Vitamin D and Endometrial Receptivity in Infertile Women

May 28, 2021 updated by: The University of Hong Kong

Effect of Vitamin D on Vaginal / Endometrial Biomarkers and Endometrial Receptivity in Women With Fertility Problems

This is a prospective study comparing vaginal and endometrial biomarkers and the trophoblast spheroid attachment rate in women with fertility problems before and after taking Vitamin D for 8 weeks.

Study Overview

Status

Unknown

Conditions

Intervention / Treatment

Detailed Description

The aim of this study is to assess the effect of vitamin D supplementation on vaginal / endometrial biomarkers and endometrial receptivity in women with fertility problems.

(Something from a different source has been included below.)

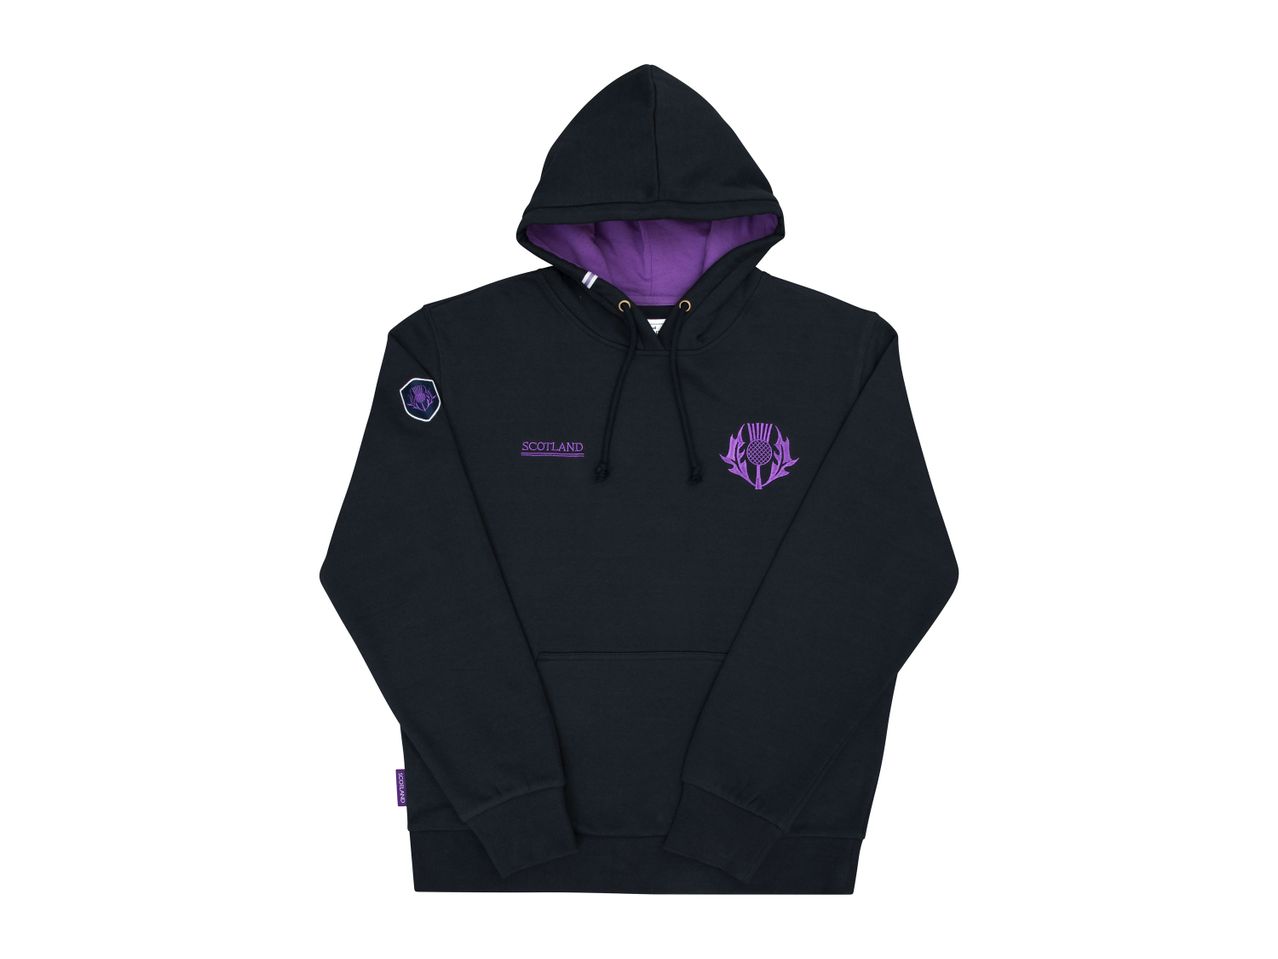 Go to full screen view: Adults’ Scotland Rugby Hoodie - Image 2

Women will have vaginal swab and endometrial biopsy twice. The first endometrial biopsy is performed using a Pipelle sampler 7 days after luteinizing hormone surge (LH+7) at baseline and the attachment rate of the trophoblast spheroid onto the isolated endometrial epithelial cells will be assessed to assess endometrial receptivity at baseline. Implantation biomarkers will be checked.

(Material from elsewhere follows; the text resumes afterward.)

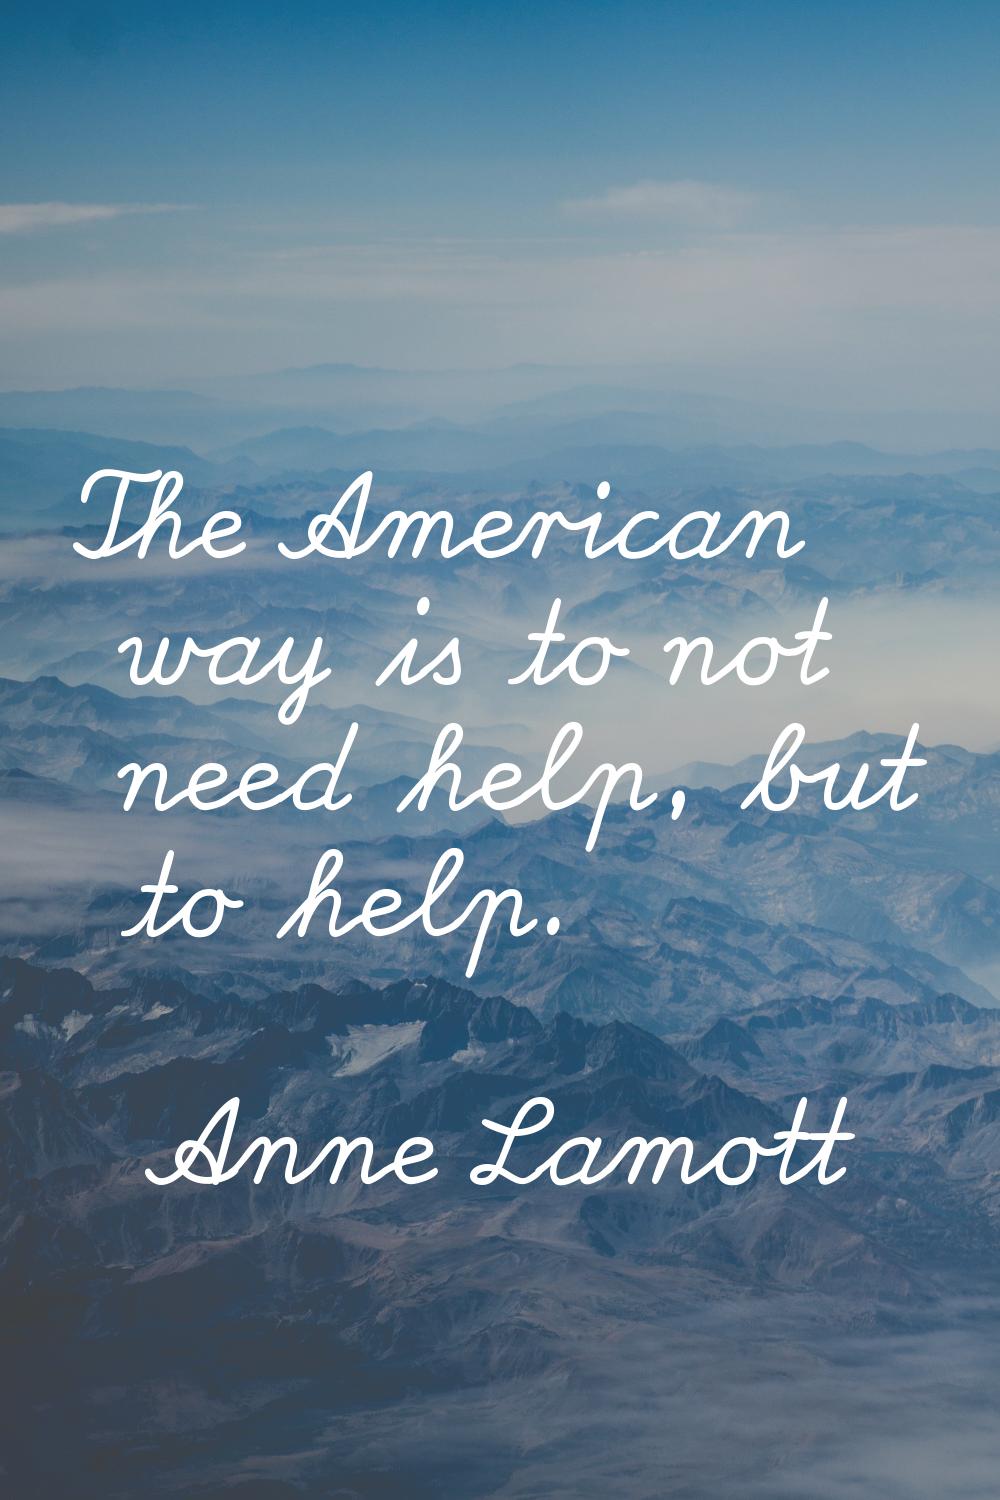 The American way is to not need help, but to help.

They will take Vitamin D 50,000 IU once per week for 4 weeks, followed by 50,000 IU once every 2 weeks for 4 weeks. After 8 weeks of Vitamin D, a second vaginal swab and endometrial biopsy using a Pipelle sampler by standard technique will be collected from the patients 7 days after luteinizing hormone surge (LH+7) and the endometrial receptivity will be compared.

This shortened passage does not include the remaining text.